### Directions
The expected output is every line of the data exactly as shown, minus the images.

### Supplied material
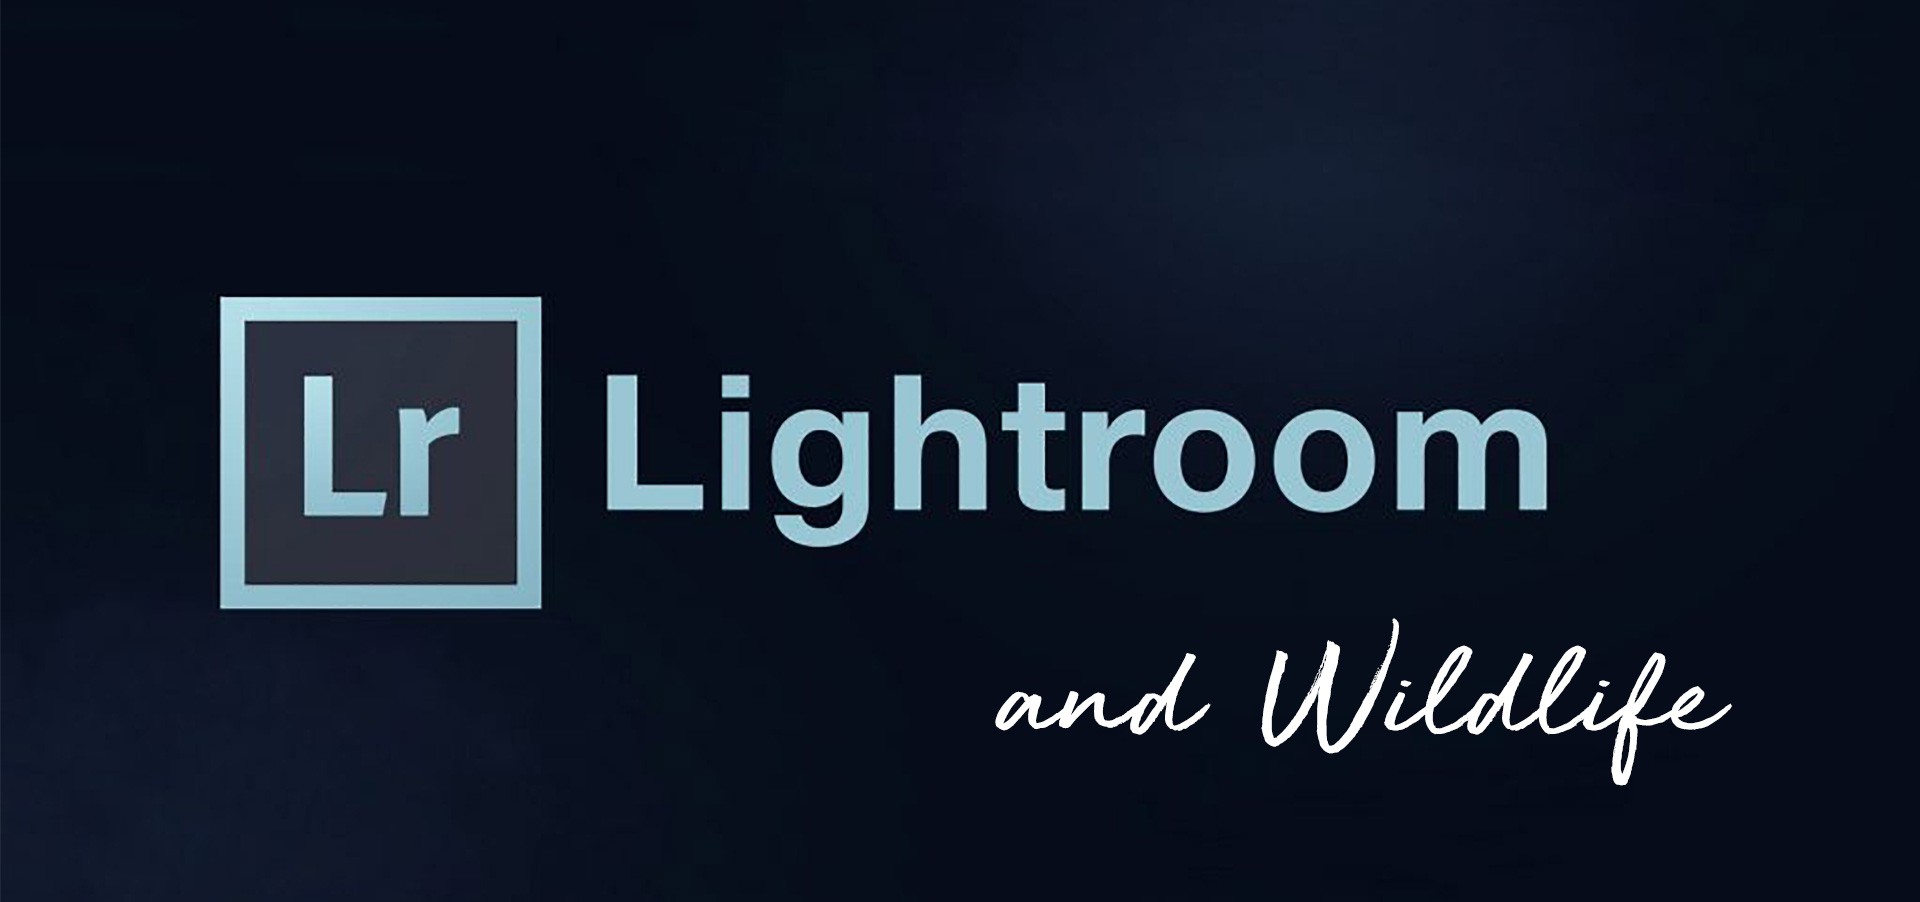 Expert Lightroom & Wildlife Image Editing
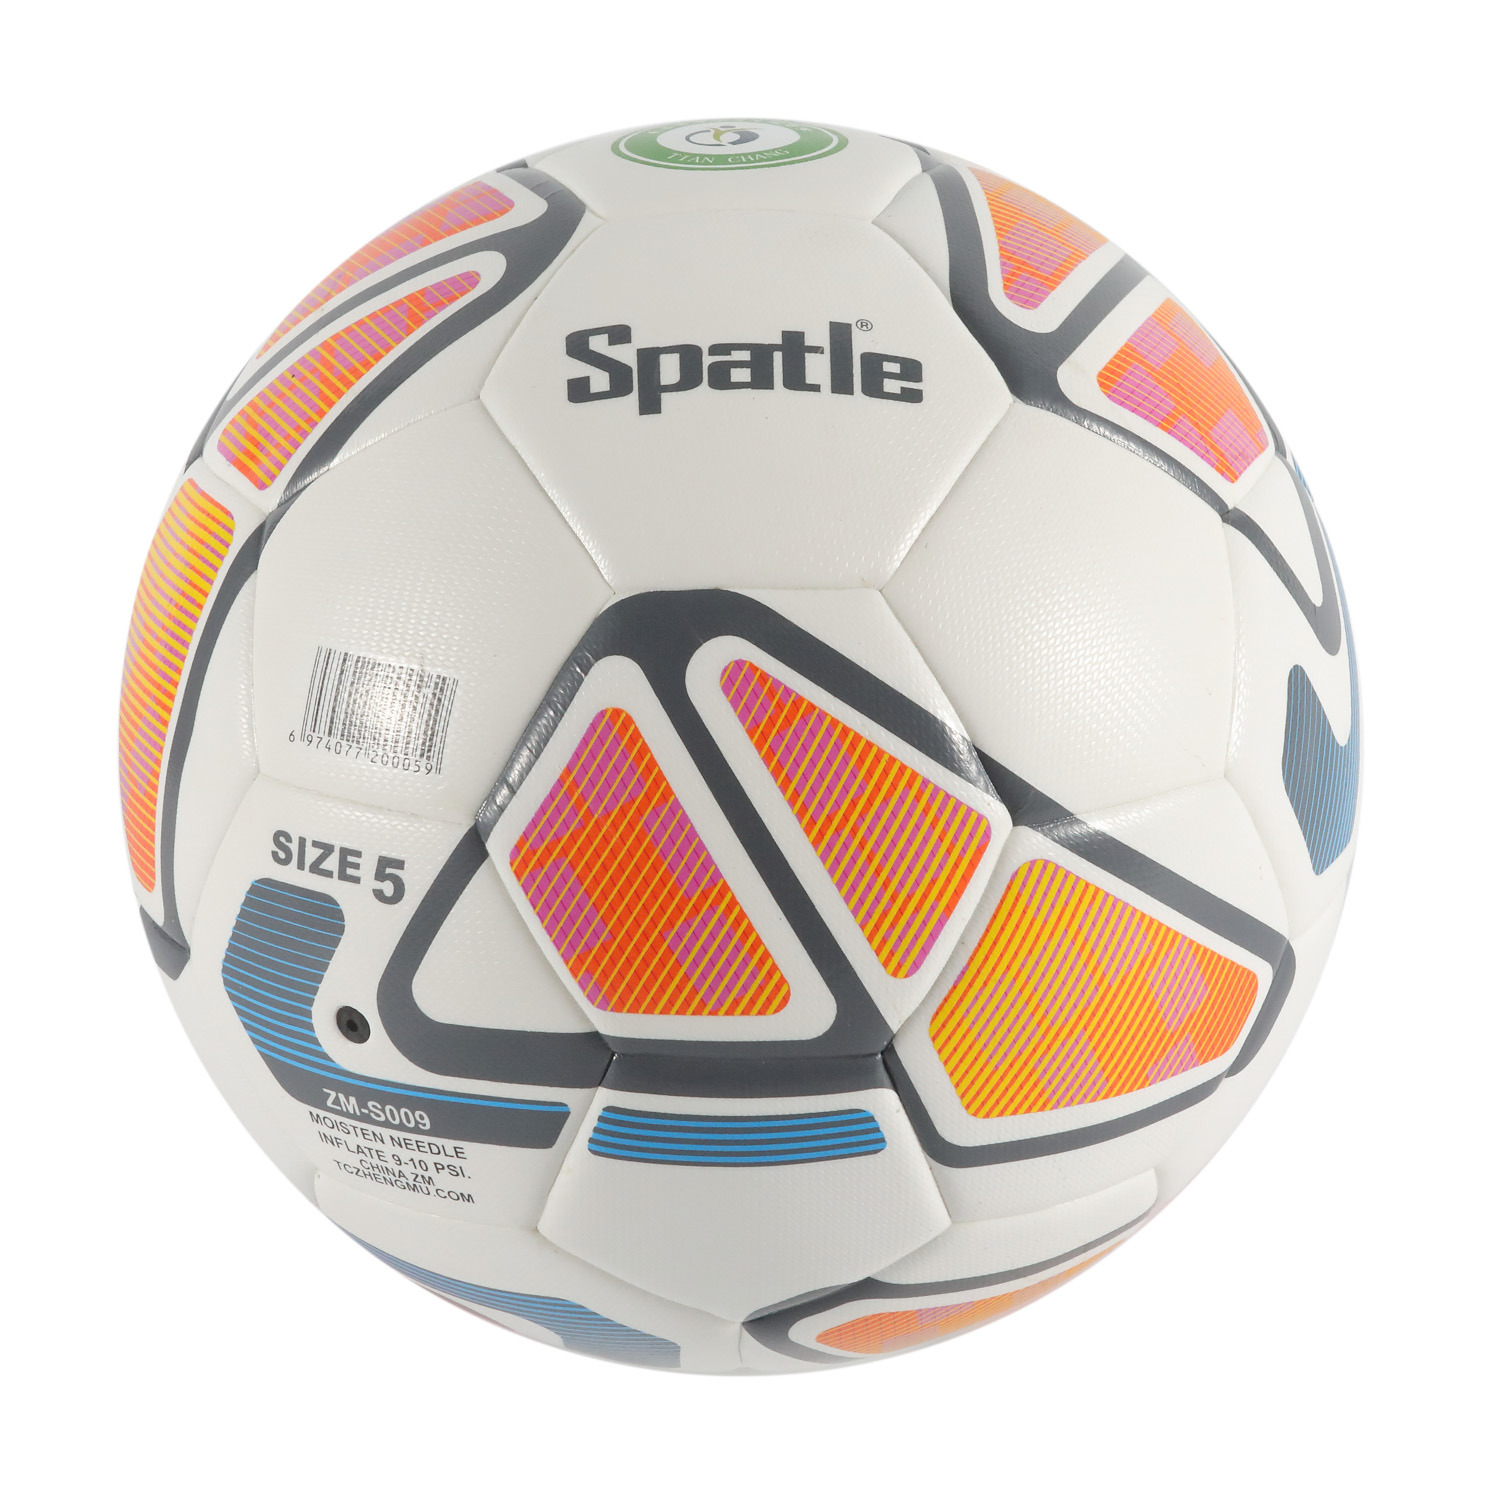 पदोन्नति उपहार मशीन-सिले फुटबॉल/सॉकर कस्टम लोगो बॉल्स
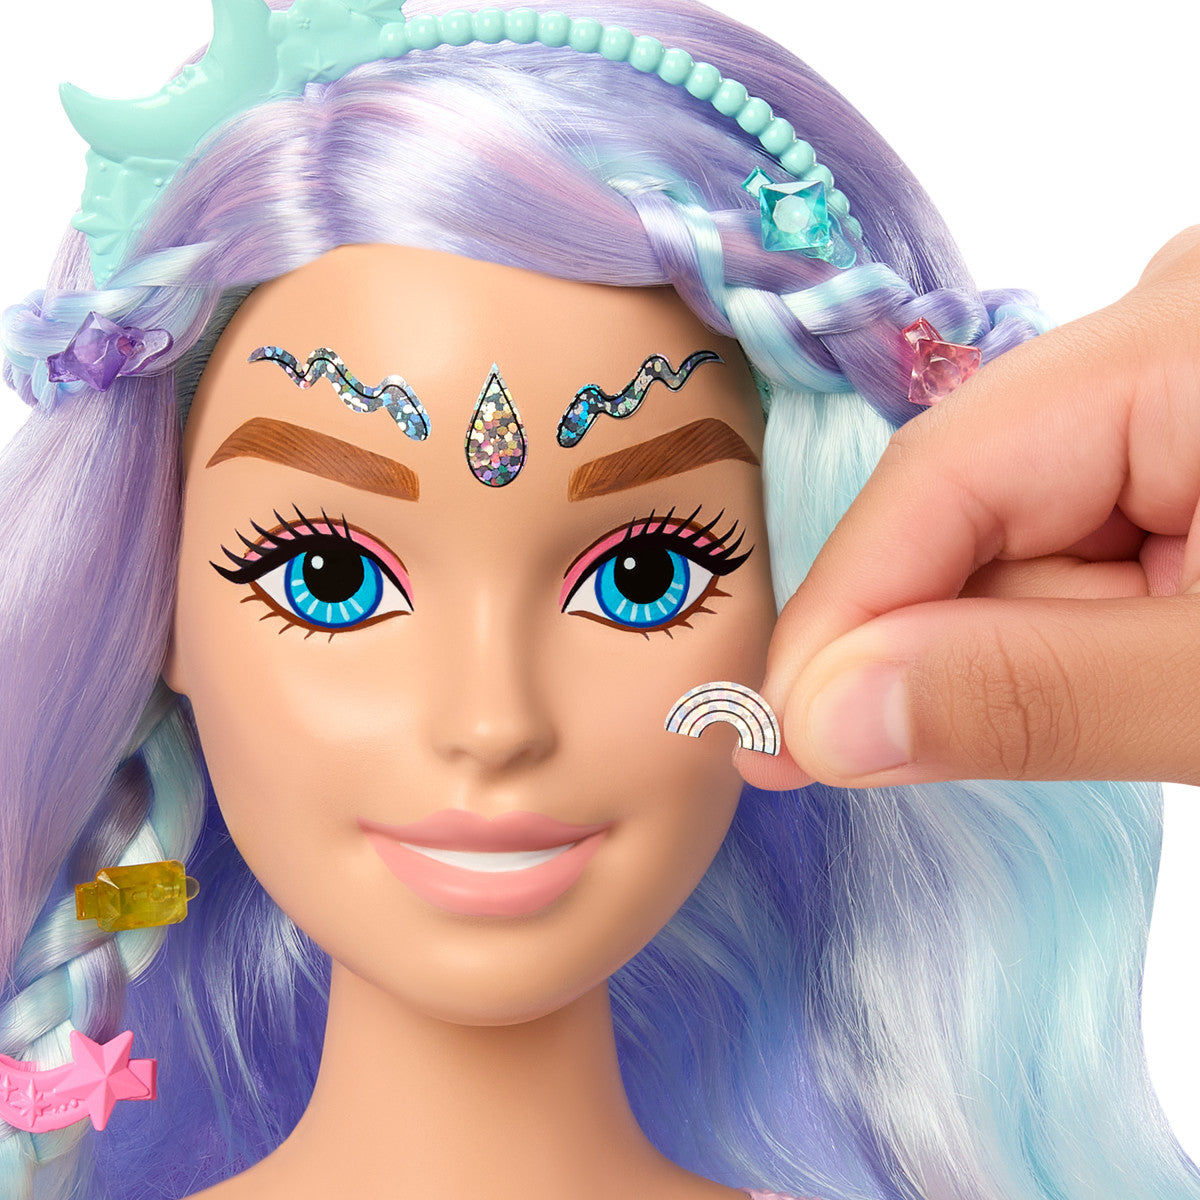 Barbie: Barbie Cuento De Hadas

### Output below
 Expert Lightroom & Wildlife Image Editing
 पदोन्नति उपहार मशीन-सिले फुटबॉल/सॉकर कस्टम लोगो बॉल्स
 Barbie: Barbie Cuento De Hadas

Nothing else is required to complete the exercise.